An introduction to COP26

COP26, the 26th annual Conference of the Parties, is an international UN summit with over 190 attendees collaborating to combat climate change. The UK, being this year’s conference host, aims to continue working to stay within the 1.5-degree global warming threshold through enormous reductions of greenhouse gas emissions and transitioning to a low carbon economy.

Pursuing the success previously achieved at the COP21 2015 summit – responsible for the formation of the momentous Paris Climate Accord – COP26 focuses this year on putting the targets set in 2015 into action. However, like many summits prior to COP26, this feat has proven difficult as a collaborative effort, with the NDC (Nationally Determined Contributions) 2030 target fast approaching.

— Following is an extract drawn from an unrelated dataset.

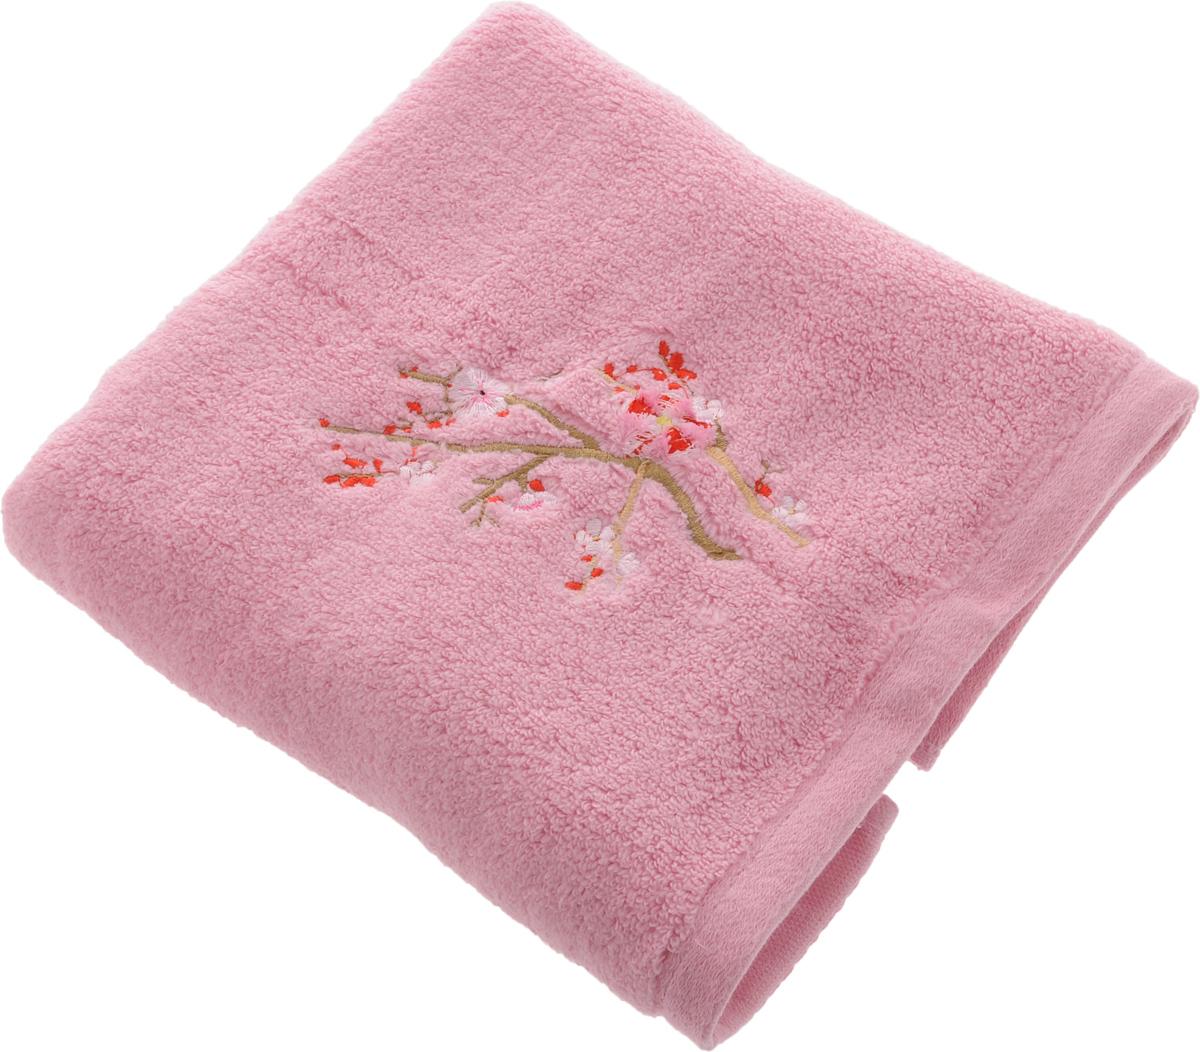 Полотенце Soavita Spring, цвет: розовый, 50 х 90 смPR-2WПолотенце Soavita Spring выполнено из 100% хлопка. Изделие отлично впитывает влагу, быстро сохнет, сохраняет яркость цвета и не теряет форму даже после многократных стирок. Полотенце очень практично и неприхотливо в уходе. Оно создаст прекрасное настроение и украсит интерьер в ванной комнате.

Amongst numerous topics of debate, the summit spotlights the built environment and climate impact in the construction sector. A focus, in particular, being the ‘Building to COP26’ forum: a largescale sector effort for developing zero carbon emission buildings, to be both energy efficient and resilient, optimistically by 2030. This conference includes full building decarbonisation targets, collaboration between sector stakeholders and government, and full policies and implementation measures into NDC agreements.

With the UKGBC, the UK’s Green Building Council, being a participant in the summit, greater attention has been paid to the construction industry as a contributor of emissions amidst the climate impact. This year’s conference will include an entire day dedicated to the built environment in the second week of the summit on November 11, titled ‘The Cities, Regions & Built Environment Day’.

COP26 construction

What are the goals of the summit?

  1. Secure global net zero by mid-century and keep 1.5 degrees within reach

Where countries are being asked to create emissions targets for the year 2030, certain requirements will need to be met to secure 1.5 degrees in the future. Participating countries will need to reduce specific carbon-producing practices like coal usage, mass deforestation, manufacturing and using petrol and diesel vehicles and transport, and switch to investment in greener practices like renewable energy.

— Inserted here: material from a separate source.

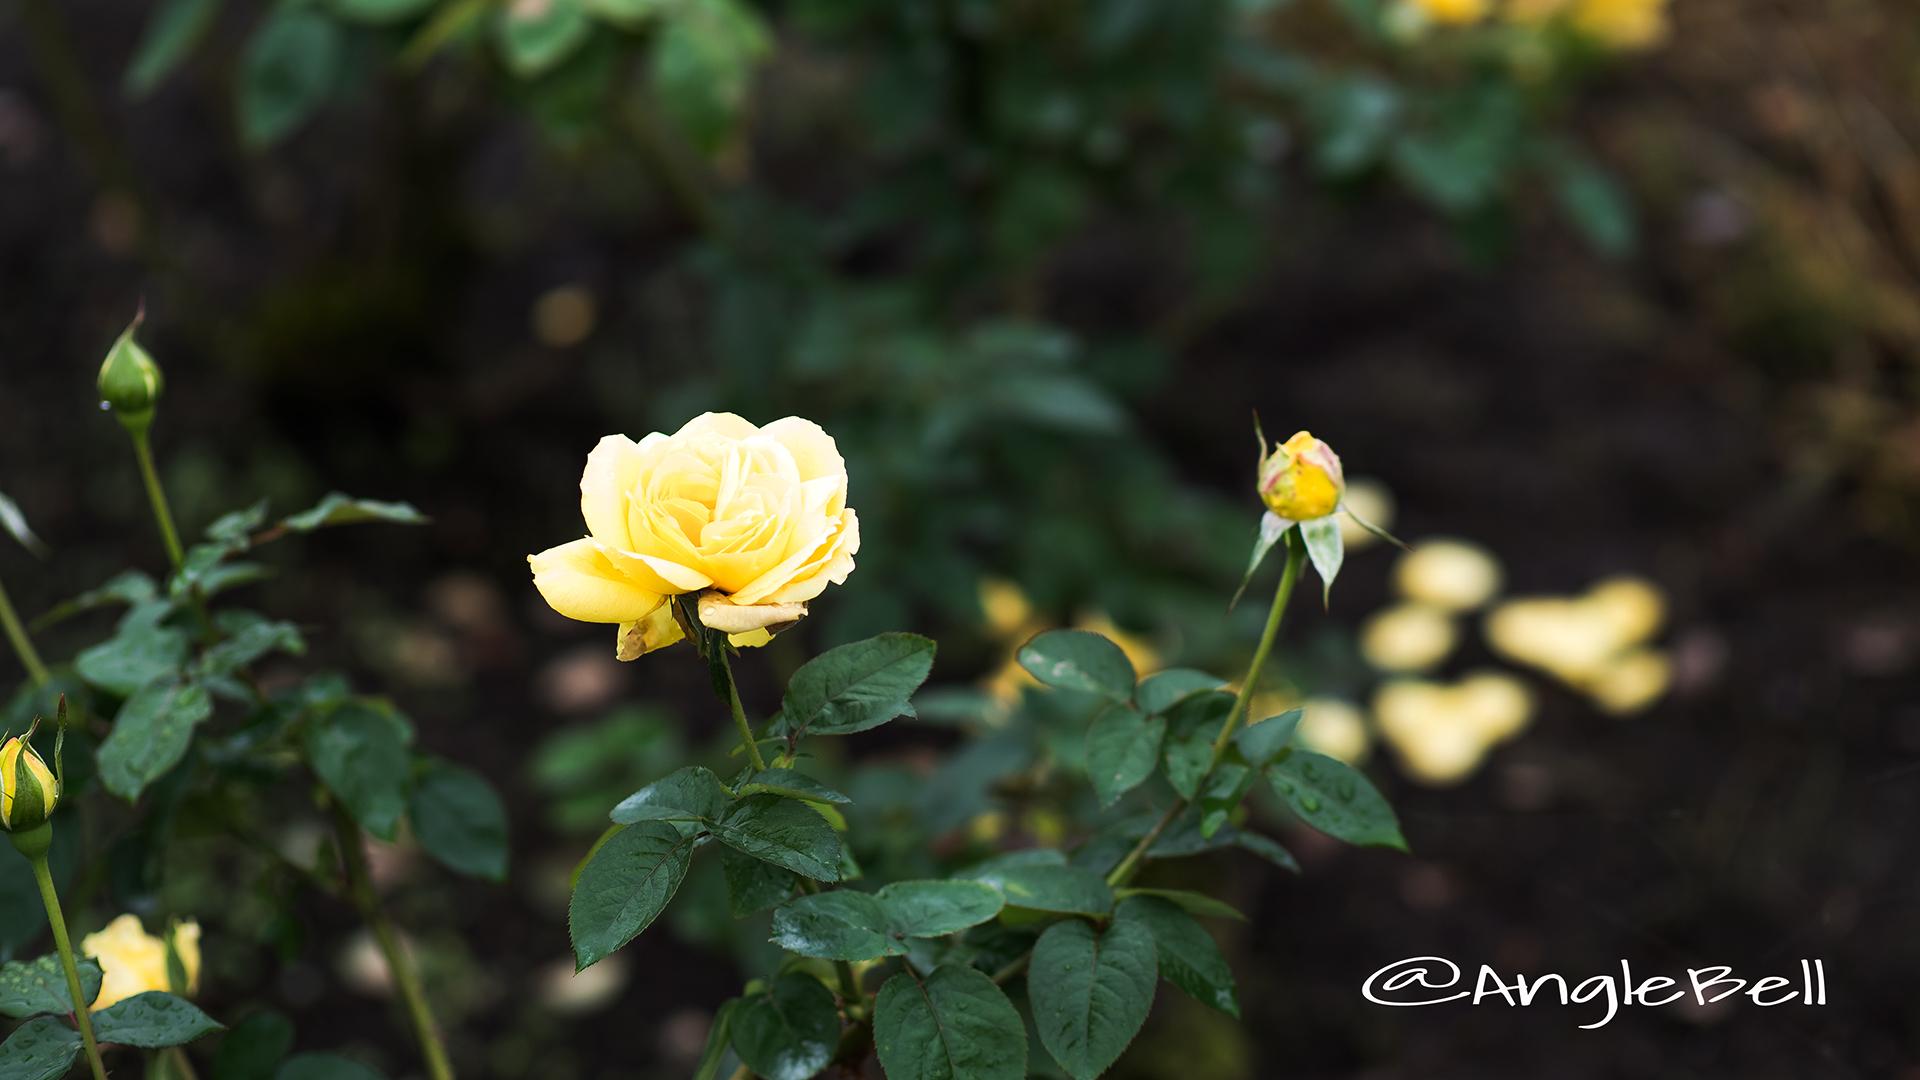 星光 Flower Photo3

Net zero emissions will require extreme existential changes from numerous industries and factors, such as oil industries and the built environment.

2. Adapt to protect communities and natural habitats

With the effects of climate change already materialising, natural habitat destruction is becoming more and more irreversible. As well as habitats, communities will also face elimination when located in climate-vulnerable areas, such as coastal regions.

To reverse these effects, countries must make efforts to protect and restore ecosystems, as well as build operational defences, warning systems and resilient infrastructure to protect homes, buildings, and people. This goal also focuses on reinvesting into natural regeneration of habitats and natural weather barriers to protect from future climate catastrophes.

3.  Mobilise finance

To deliver on the first two goals, developed countries must take further action on their agreements to mobilise their promised climate finance targets. Having already missed the mark on the $100bn promised by 2020, COP26 will need to double down on agreed funders in their climate finance plans.

International financial institutions must contribute more and work towards releasing the trillions in private and public sector finance required to secure global net zero.

4.  Work together to deliver

Tackling the climate crisis will require the largest collaboration of humanity. By continuing to host COP summits, countries must prioritise action over promises and mutually agree on decisions before targets expire, as many of the climate finance targets already have.

This involves finalising on the Paris Rulebook, making the Paris Agreement operational, and proceeding to make physical progress through collaboration between governments, businesses, and civil society. This also requires greater and more active leadership who follow through on their promises.

What has the UK done already before this summit?

The UK has had success with passing climate change policy nationally in previous years, incorporating a growing economy of 78% while decreasing emissions by 44%, the fastest decline of any of the nations in the G7. Additionally, the UK has also decarbonised its economy faster than any other country in the G20 international forum since 2000.

Along with successfully setting laws in pursuit of net zero carbon emissions by 2050, some other accomplishments the UK has achieved have been:

  • Announcing plans putting farmers at the forefront of reversing environmental degradation and tackling climate change
  • Ending government financial support for the fossil fuel energy sector overseas
  • Doubling international climate finance for developing nations with over £11 bn over the next five years
  • Announcing the end of the sale of new petrol and diesel cars in the UK by 2030, putting the UK on course to be the fastest G7 country to decarbonise cars and vans
  • Spending at least £3bn of their international climate finance in the next 5 years on nature-based solutions
  • Making climate-related disclosures mandatory across the economy by 2025, with most requirements coming in by 2023
  • Growing the low carbon sector by providing over 460,000 jobs in the UK, as well as aiming for up to 2 million green jobs nationally by 2030
  • Planting trees on 30,000 hectares of land per year by 2025
  • Becoming the largest producer of offshore wind energy in the world.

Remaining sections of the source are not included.